Task item:
With both ends included, repeat exactly the lines of the entries below from the one containing "A painting of" down to the one containing "Corner of modern", and no others.

Data extract:
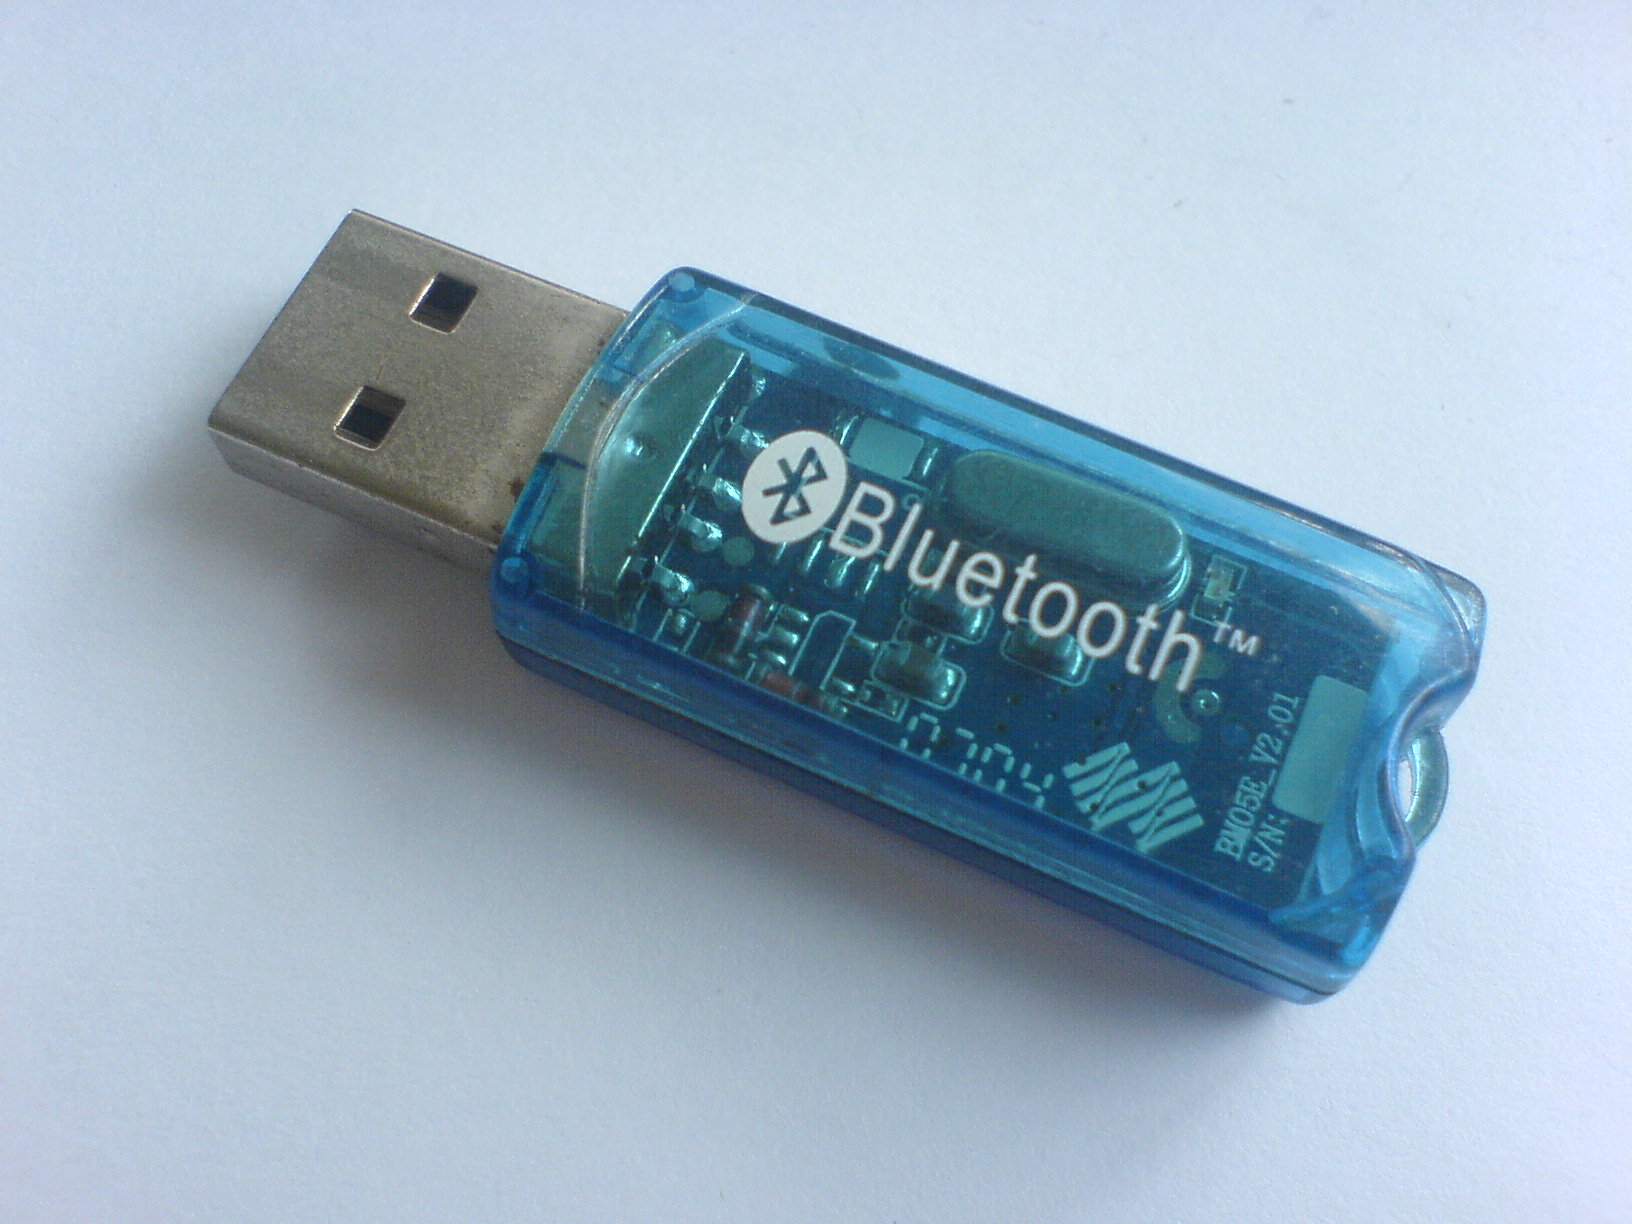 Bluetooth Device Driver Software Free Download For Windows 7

---

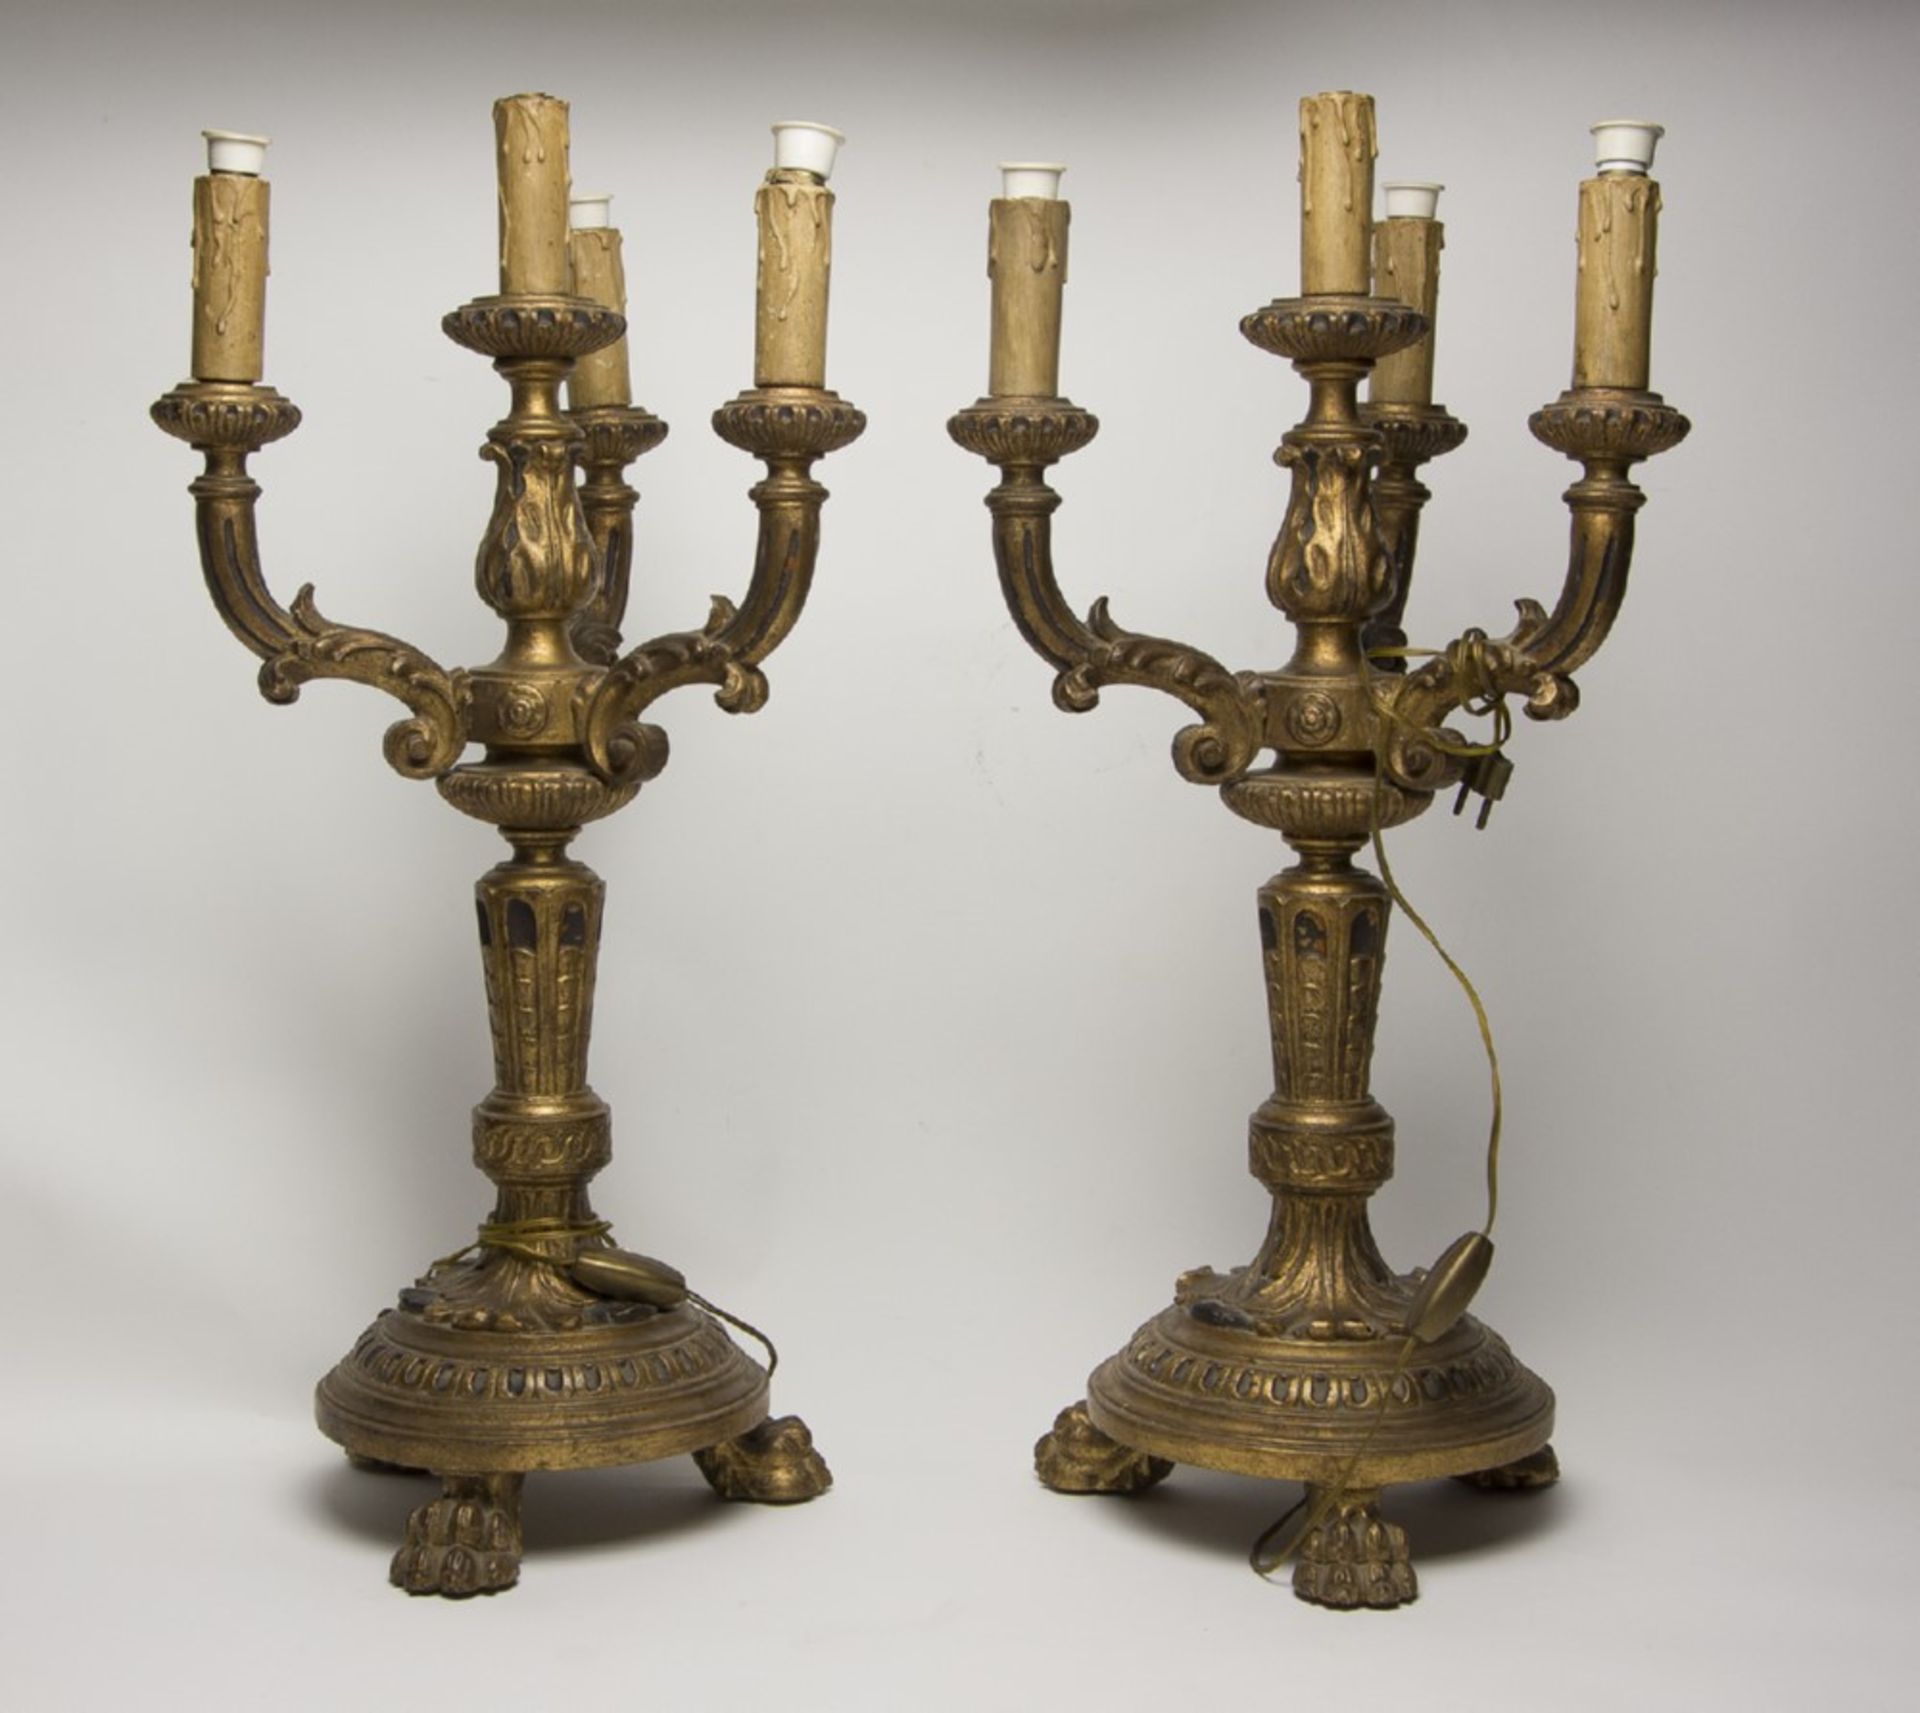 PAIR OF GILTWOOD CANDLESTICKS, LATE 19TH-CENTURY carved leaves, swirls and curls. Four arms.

--

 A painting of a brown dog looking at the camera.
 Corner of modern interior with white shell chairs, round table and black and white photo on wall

Task output:
 A painting of a brown dog looking at the camera.
 Corner of modern interior with white shell chairs, round table and black and white photo on wall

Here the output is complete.